Another approach is to estimate the mean squared error (MSE) from our model and calculate the interval "by hand":
```{r}
# calculate our mean squared error
sum( lm1$residuals^2 ) / (nrow(dat) - 2)
```
We must also calculate the mean and variance for BMI in our sample:
```{r}
# calculate mean; variance BMI
mean( dat$BMI ); var(dat$BMI)
```
Now we can use our formula to calculate the standard error of our mean surgery duration for someone with a BMI of 27.5:
$\begin{aligned}
SE\left({\hat{\mu}}_{Y|X=27.5}\right) =& \sqrt{\frac{\hat{\sigma}_{Y|X}^{2}}{n} + \frac{\hat{\sigma}_{Y|X}^{2}}{n-1} \left( \frac{(X_0 - \bar{X})^2}{\hat{\sigma}_{X}^{2}} \right)} \\
=& \sqrt{\frac{3.743385}{2919} + \frac{3.743385}{2918} \left( \frac{(27.5-27.00055)^2}{41.85108} \right)} \\
\approx& 0.0359175
\end{aligned}$
Then we can calculate our 95% confidence interval, considering $t_{2919-2,0.975}=1.960778$, our 95% CI is
$$ 3.535 \pm 1.960778(0.0359175) = (3.465, 3.606) $$
*Note, rounding at various steps leads to the similar, but different, interval from what R precisely returns.*
## 1l: Prediction Interval Around Prediction
Calculate the 95% prediction interval around the mean surgery duration for a single individual with a BMI of 27.5.
**Solution:**
One approach is to leverage the `predict` function in R and specify `interval='predict'`:
```{r}
# prediction with 95% CI from model for BMI=27.5
predict(lm1, newdata=data.frame(BMI=27.5), interval='predict')
```
We are 95% confident that the surgery duration for an individual with a BMI of 27.5 is between -0.20 and 7.39 hours.
This prediction interval must have the assumption or normality met (i.e., we are not leveraging the central limit theorem like we are for the 95% confidence interval estimating the mean).
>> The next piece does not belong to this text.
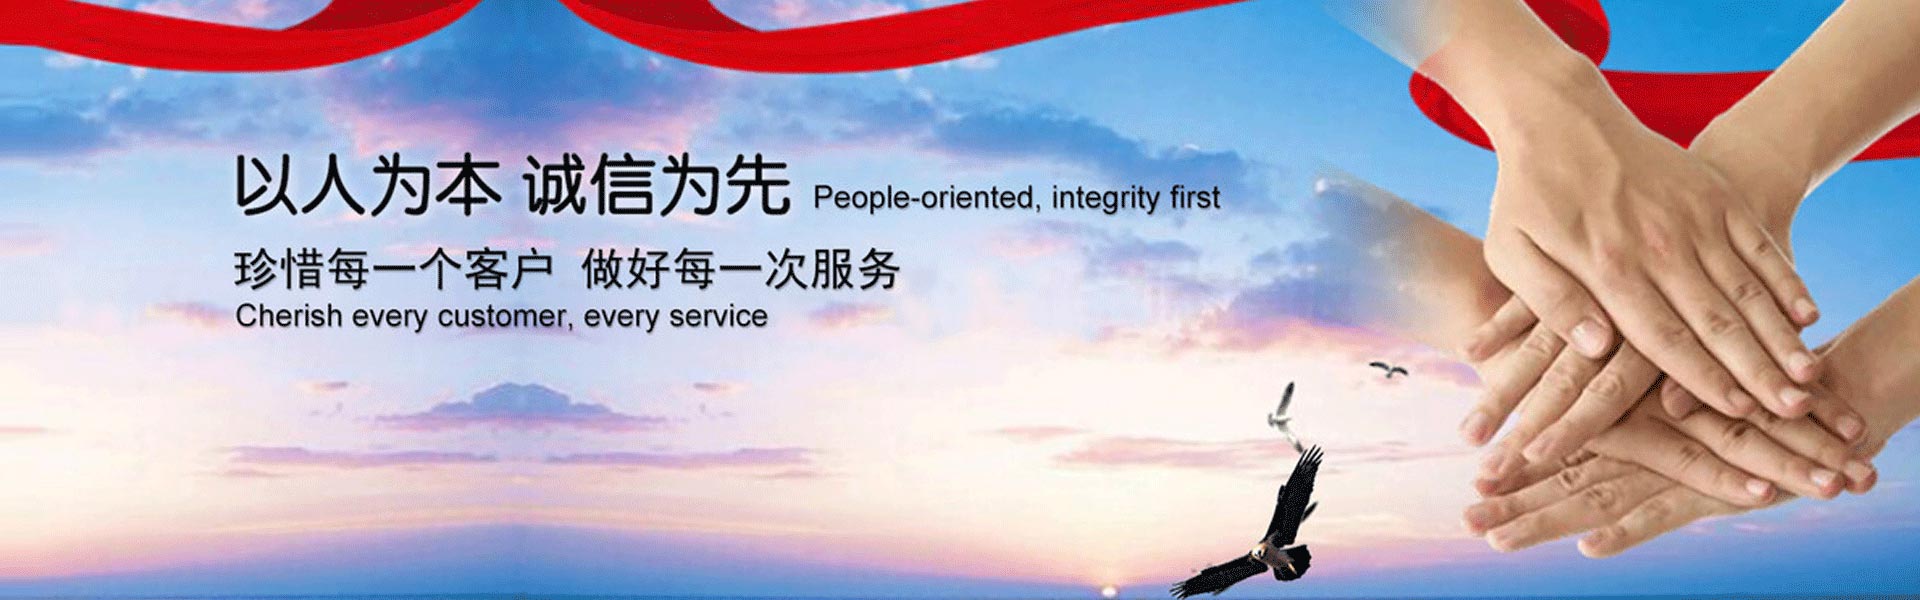 连云港商标注册服务机构是连云港地区最专业的商标注册平台,专注为个人和企业提供商标注册、商标申请、个体

And given the greater variability involved, we see here that we also have a non-nonsensical negative surgery duration.
## 1m: Scattplot and Fitted Line
Create a scatterplot with the fitted linear regression line.
**Solution:**
One option is to create this with base R graphics and use `abline` to automatically add the fitted regression line:
```{r}
# Create scatterplot
plot(x=dat$BMI, y=dat$DurationSurgery, xlab=expression(BMI~(kg/m^2)), ylab='Surgery Duration (hours)' )
# Add regression fit
abline(lm1, lwd=2, col='orangered2')
```
We can see from our scatterplot and fitted regression line that there does appear to be a slight positive trend as BMI increases with respect to surgery duration. Additionally, there are some potential observations that seem very different from much of the data (which we will discuss how to handle more towards the end of the semester).